Robots Could Take Up To 80 Million Jobs Away From Americans

Robots Could Take Up To 80 Million Jobs Away From Americans

While many people are getting excited about the idea of smart machines, perhaps we should hold off. New research shows that the use of smart machines could lead to the loss of 80 million jobs in the United States and 15 million jobs in the United Kingdom. These jobs would become automated, causing the humans working the jobs to be laid off and replaced by robots. The study was conducted by the Bank of England’s Chief Economist Andy Haldane.

However, it isn’t all bad, as many new jobs will also certainly be created from smart machines. It’s not like America will have a net loss of 80 million jobs. Still, the idea of “technological unemployment” has been scaring people for generations. The idea is that technological innovations require less people to work, while also leading to a decrease in wages.

That being said, Haldane says that most technological advancement has led to increased wages and enhanced jobs. Usually, the associated technology requires that people increase their skills in order to adapt. The economic boost from technological breakthroughs also results in an increase in wages. In essence, skills, wages and productivity are all positively correlated and increase together.

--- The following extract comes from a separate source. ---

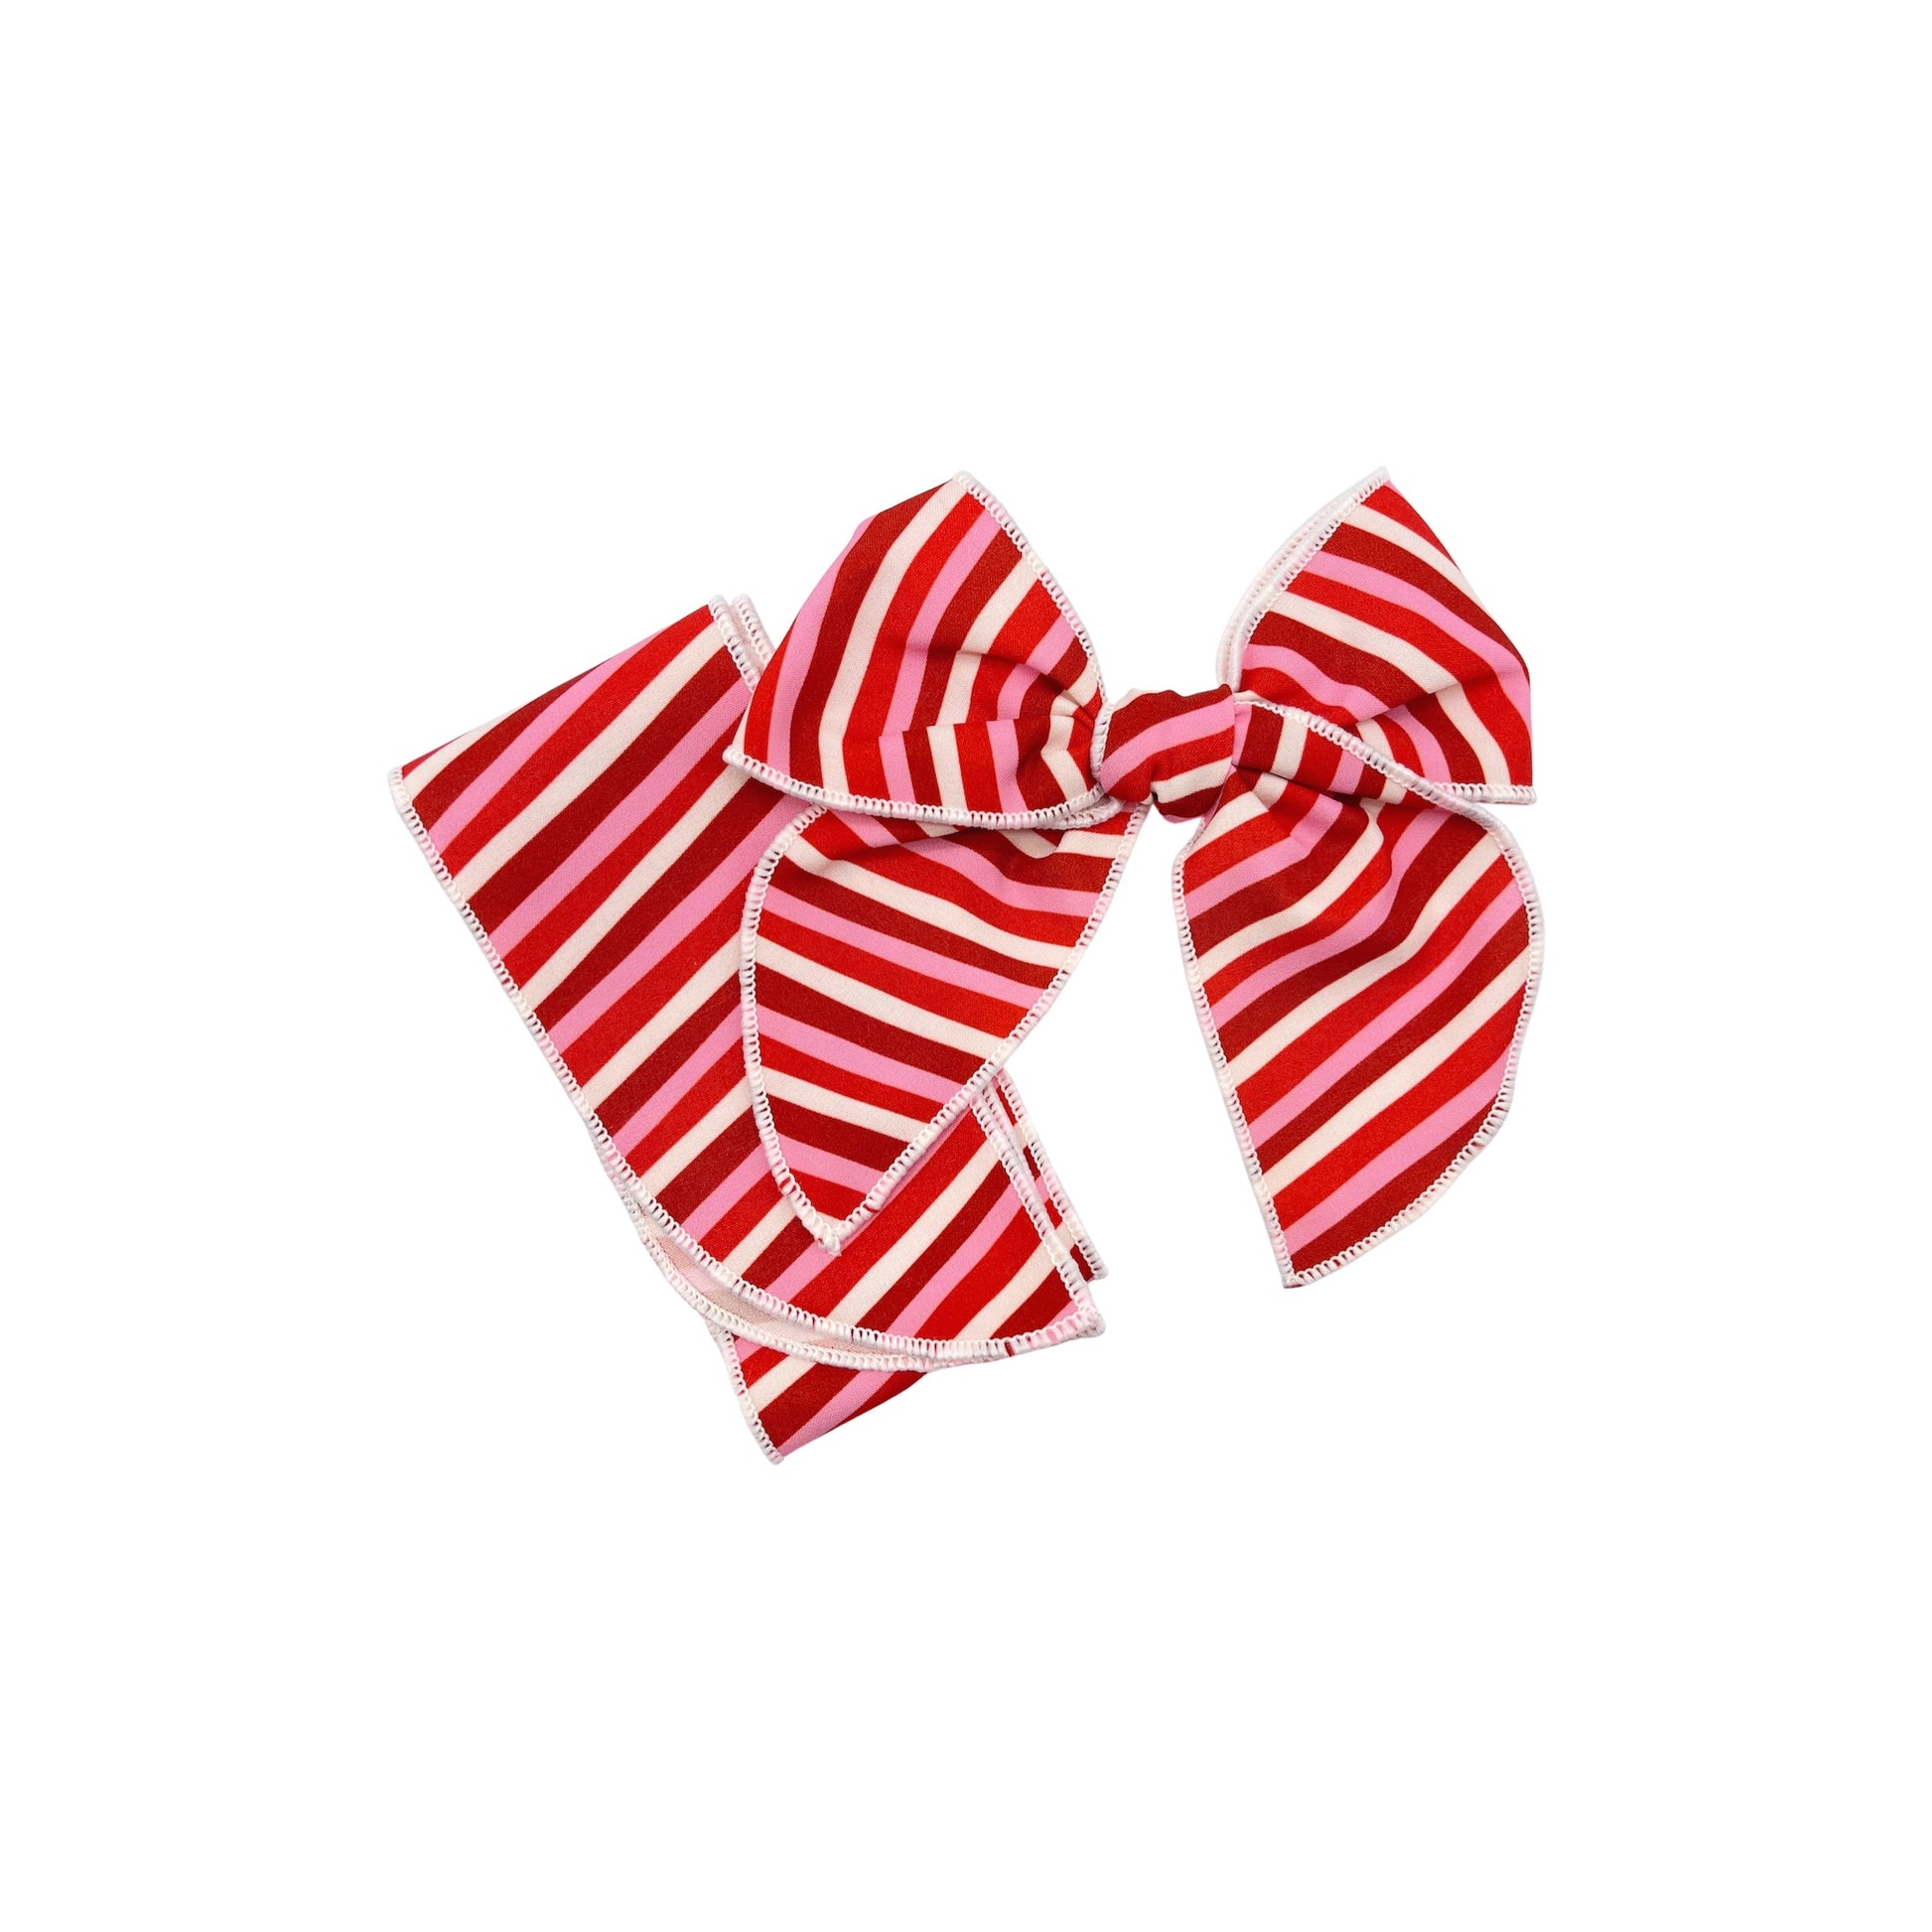 Tied and untied Isabelle style fabric bow strip with red and pink stripes pattern.
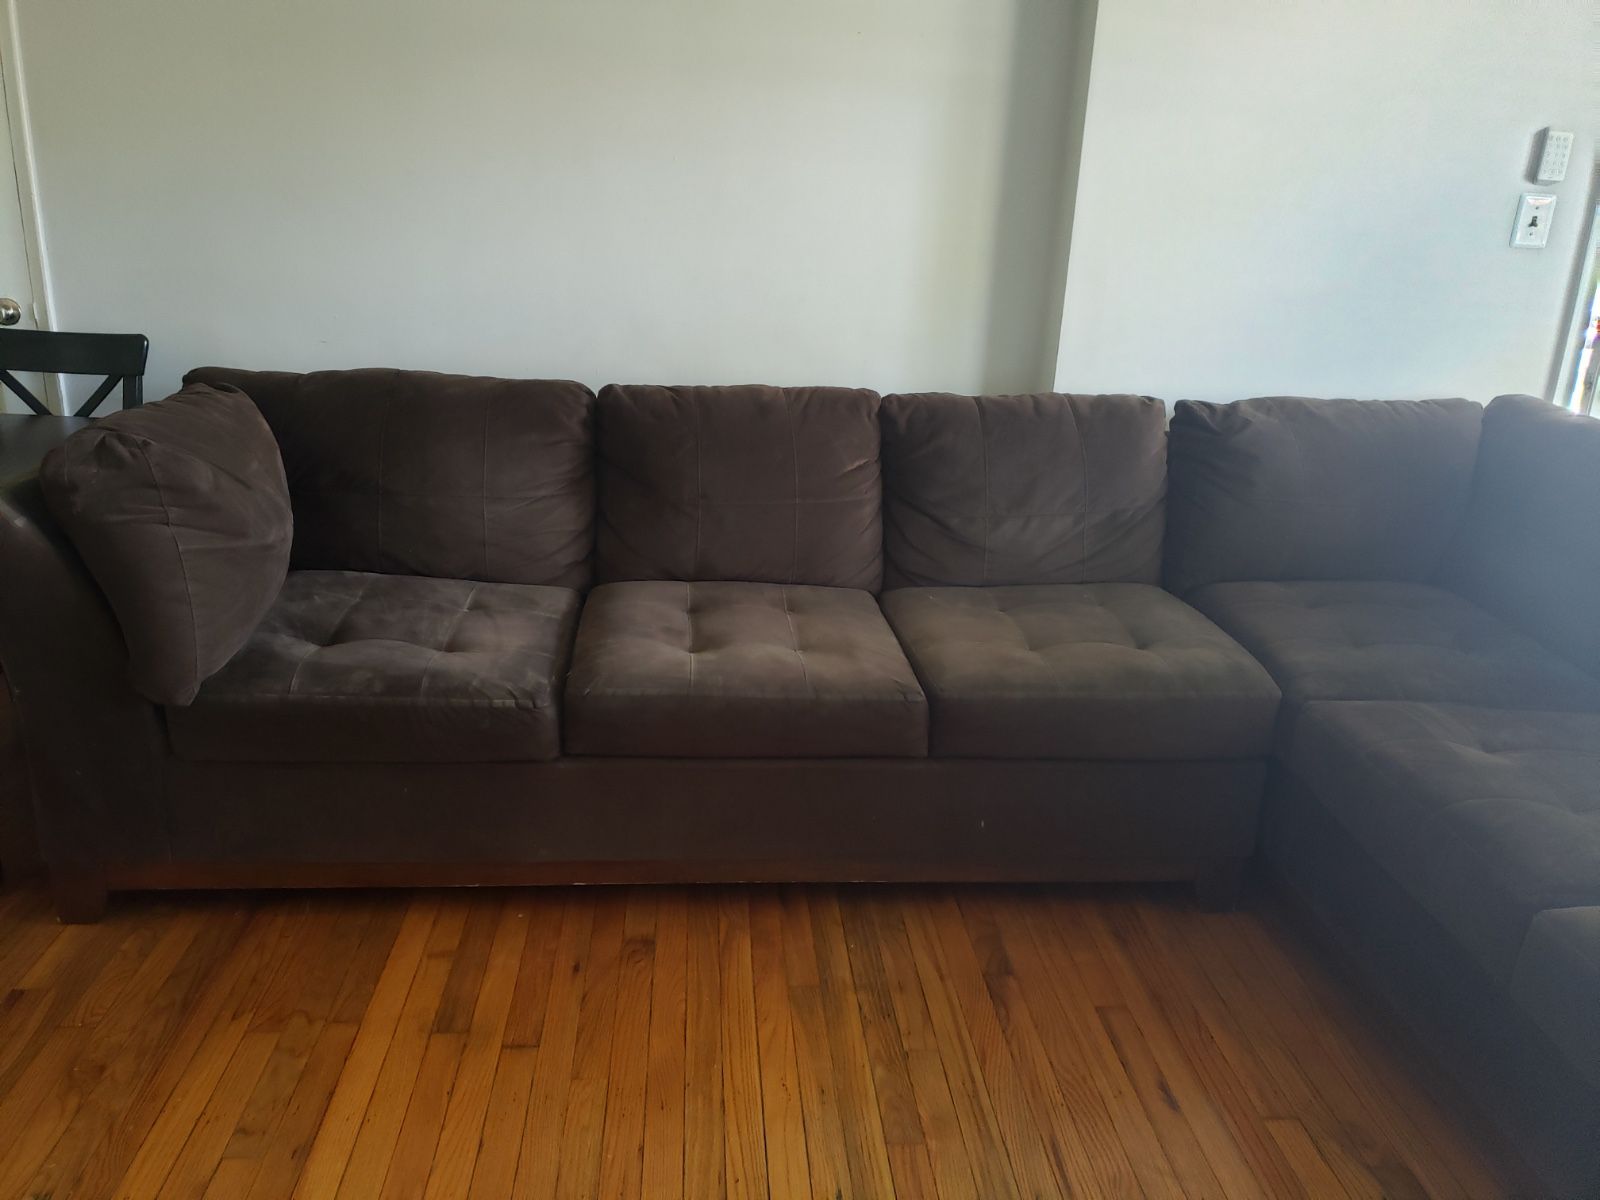 Brown Microfiber sectional couch.

But there is a downside. These increases in skills and wages also lead to a larger gap between workers with high skills and workers with low skills. As people who are highly skilled earn more money for their capabilities, people who can do routine jobs earn less. Technological advancements can also lead to the creation of unskilled jobs, in which people earn very small amounts of pay. Not every job that comes about because of new technology requires a high level of skill or a specific expertise.

With possible automation, up to 80 million American jobs could be lost in the future. Many of these jobs are in the fields of administration, clerical and the production of goods. It is unknown how many jobs would be replaced by people working to develop and maintain the new automated mechanical workers.

Luckily, many jobs are unlikely to ever be replaced. People are unlikely to trust a robot to cut their hair or supervise their children. Even then, we’re still many years away before the use of robots start replacing humans on a large scale. But when it does happen, there could very well be some serious economic implications.